NF1 is in an in-between phase. We’ve seen success with FDA-approved selumetinib for those most dangerous plexiform neurofibromas, but that still leaves an awful lot of the features of NF1 without a clearly documented, successful intervention. We’ve got a lot of work to do.
What do you think it will take to move forward with NF1?
I think the way we get there certainly requires [an] intense understanding at the genetic and cell biological level of what exactly misspellings in the NF1 gene do to cause all these findings. Then the effort needed to translate that into an idea about a drug therapy or possibly a gene therapy—the only way you get there is to have a critical mass of talented, motivated, visionary, maybe a little bit obsessed young investigators who are going to make this the thing that they care about when they wake up in the morning and when they go to bed at night.

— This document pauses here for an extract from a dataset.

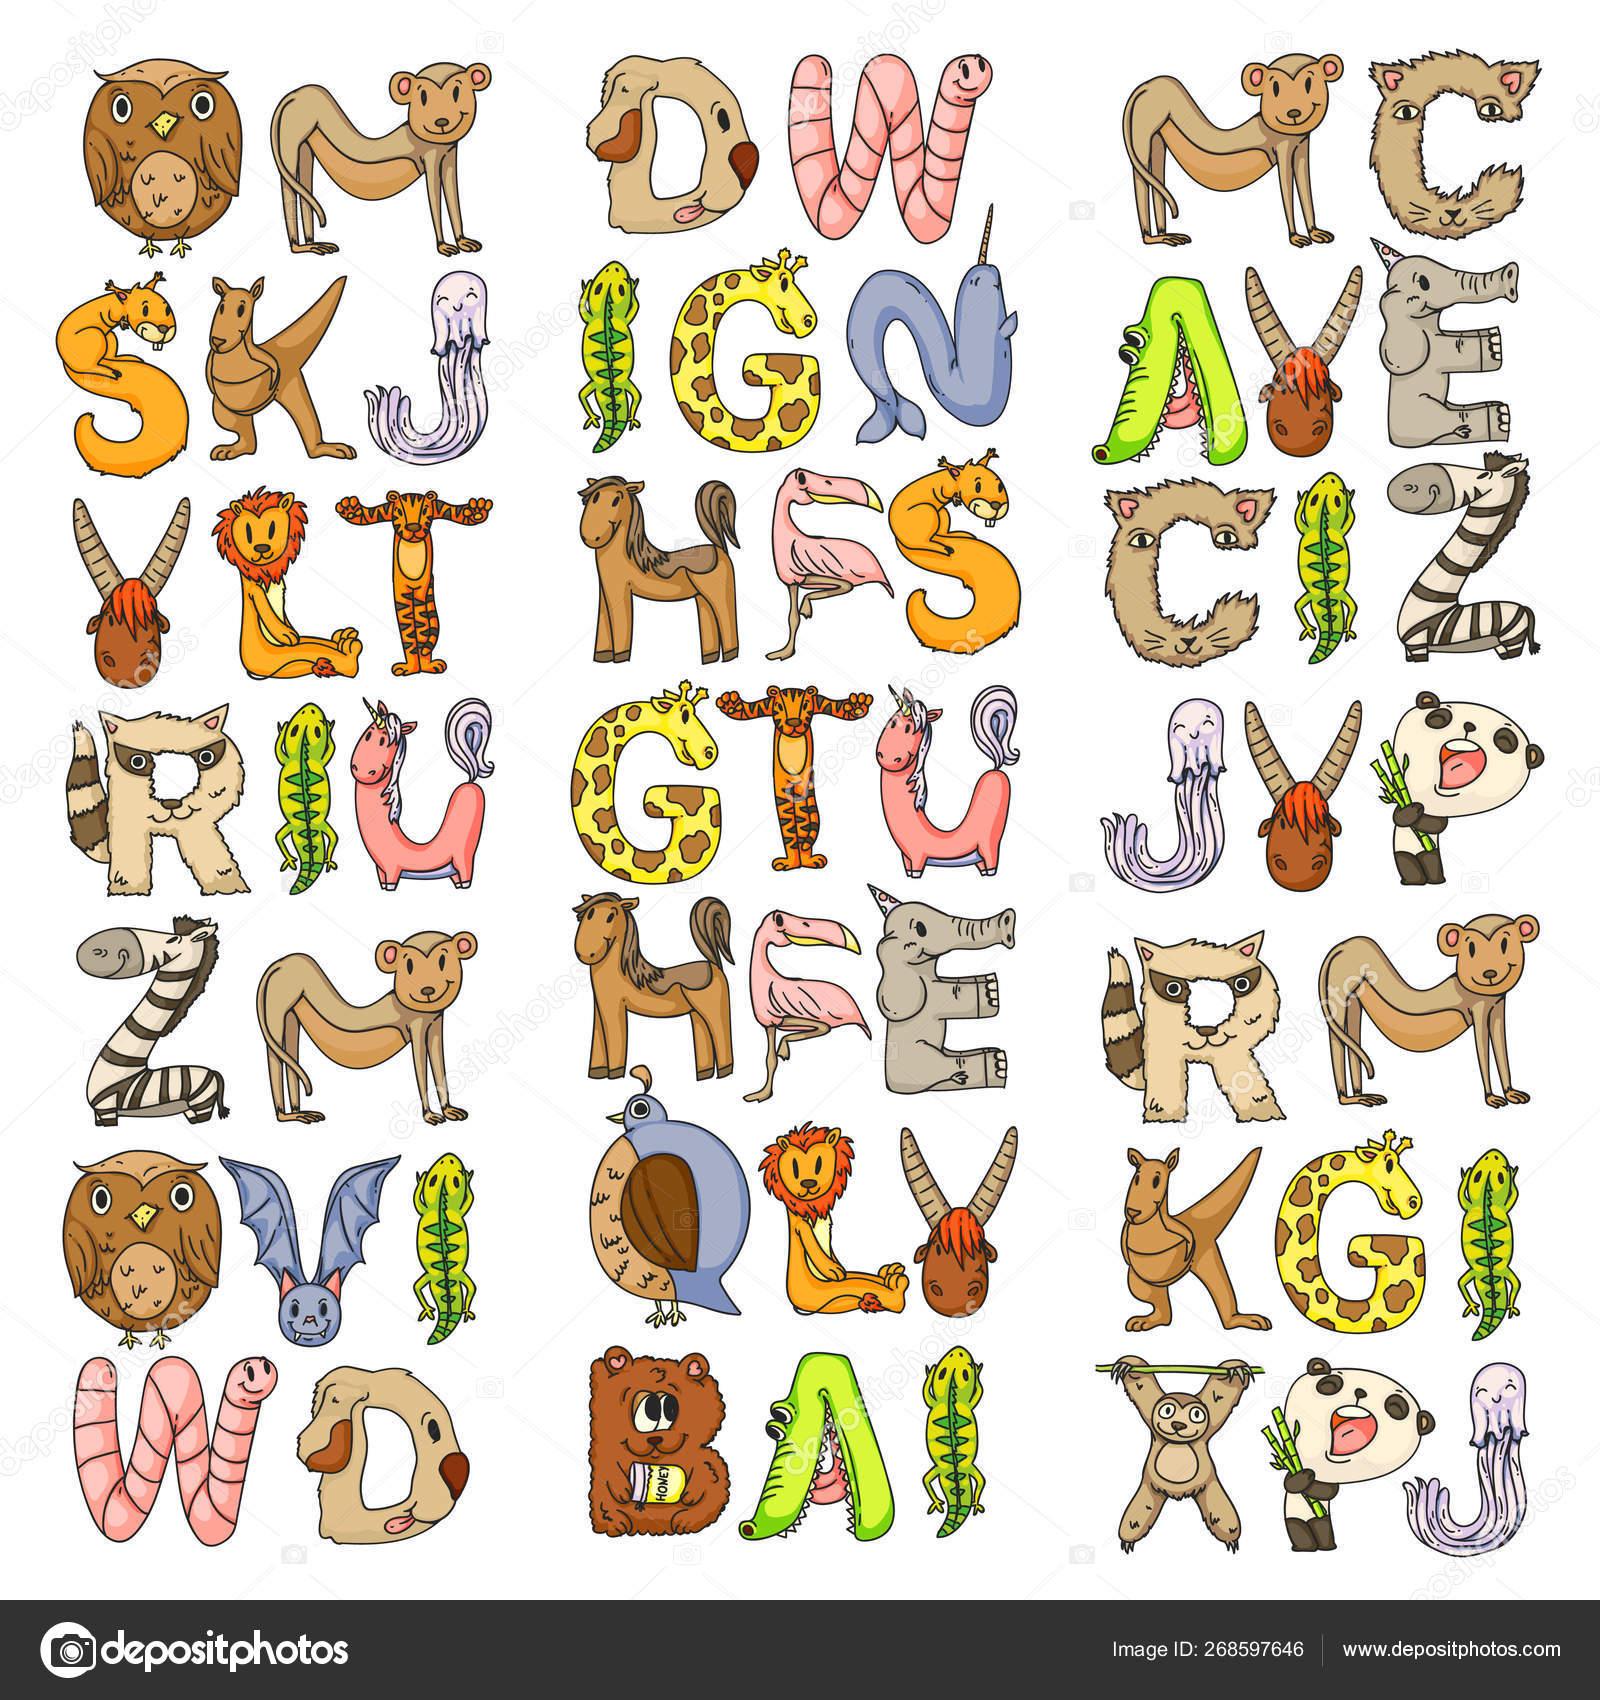 Animal alphabet  Letters from A to Z  Flamingo, giraffe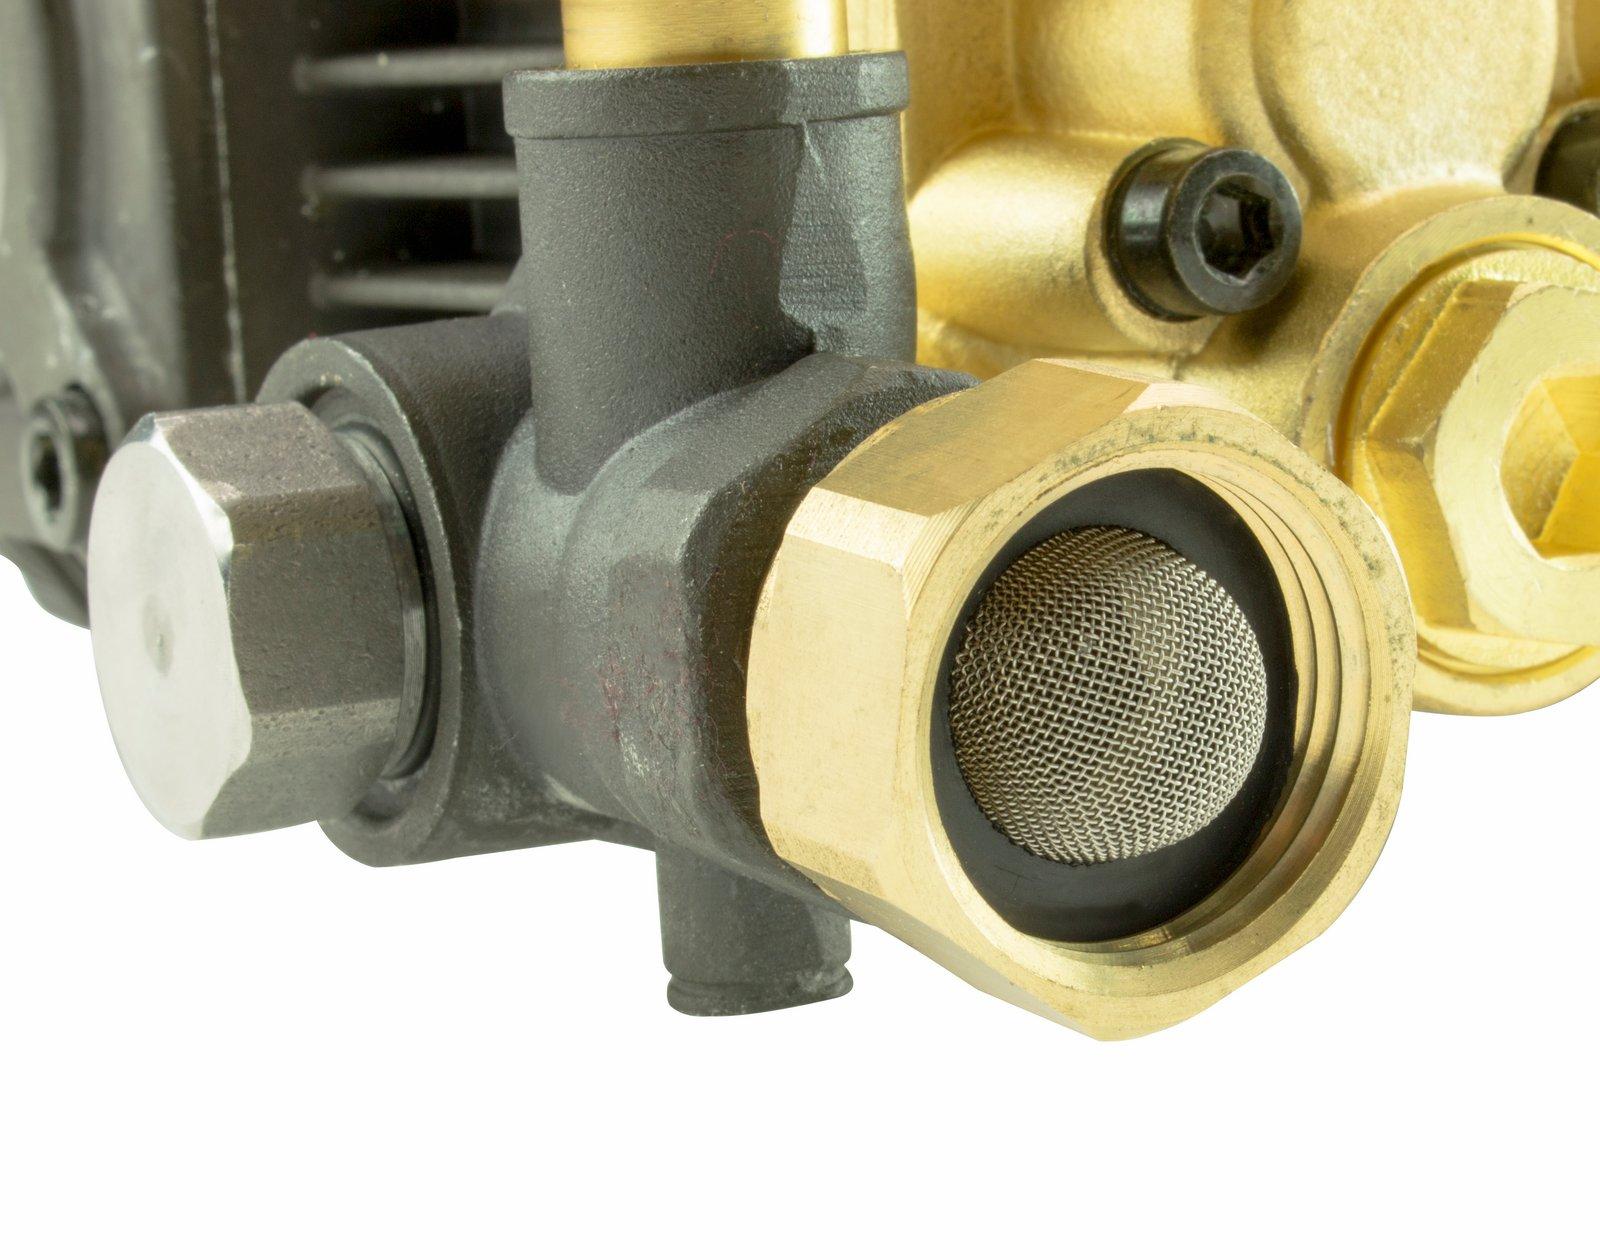 ERIE TOOLS TRIPLEX Pressure Washer Pump for Cat General AR, 5 7 GPM, 3200  PSI

That’s what the FCS program has created. This group of individuals working together, get to know each other, mentored by others so that they’re not floating out there alone – something the program has cultivated beautifully. They’re our best hope to get NF1, maybe not too far in the distance, where CF is now.
Very encouraging. For those of us navigating the balance between clinical practice and research, what are your thoughts on maintaining both versus focusing entirely on one?
It really depends on the individual. I think the dual role can be powerful. Engaging with patients offers an anchor in the reality of what patients are going through. My own work on NF1 in the 1980s was driven by what I observed in the clinic; NF1 was common in my adult genetics’ clinic, and it needed research attention. Some people are totally devoted to the clinical side and they have insights that can guide research. And others are devoted to the laboratory, but are pretty tightly connected with the clinicians who are…Progress can happen that way as well. It doesn’t have to be in the brain of a single person. Sometimes the team can make up for that.
With the success of the Francis Collins Scholars Program, do you think this model could help address other medical challenges?
I’m a huge fan. A modest amount of resources…and figuring out how best to apply them to have the greatest impact. There’s no substitute for getting investigators focused on a problem in a way that’s likely to be a lifelong mission of theirs.
That means finding them at that point where they’re trying to decide ‘what’s my independent research career going to look like?’ — scientists, when they’ve finished the phase where somebody else is giving them a project and they’re ready to make their own decision, that’s what the Scholars program aims to do. And I think the results so far are certainly confirming what a wise approach it has been. Without this program these 18 investigators might be working on something else.
You have secured the support of the most important resource we have, which is the talent of a young scientist.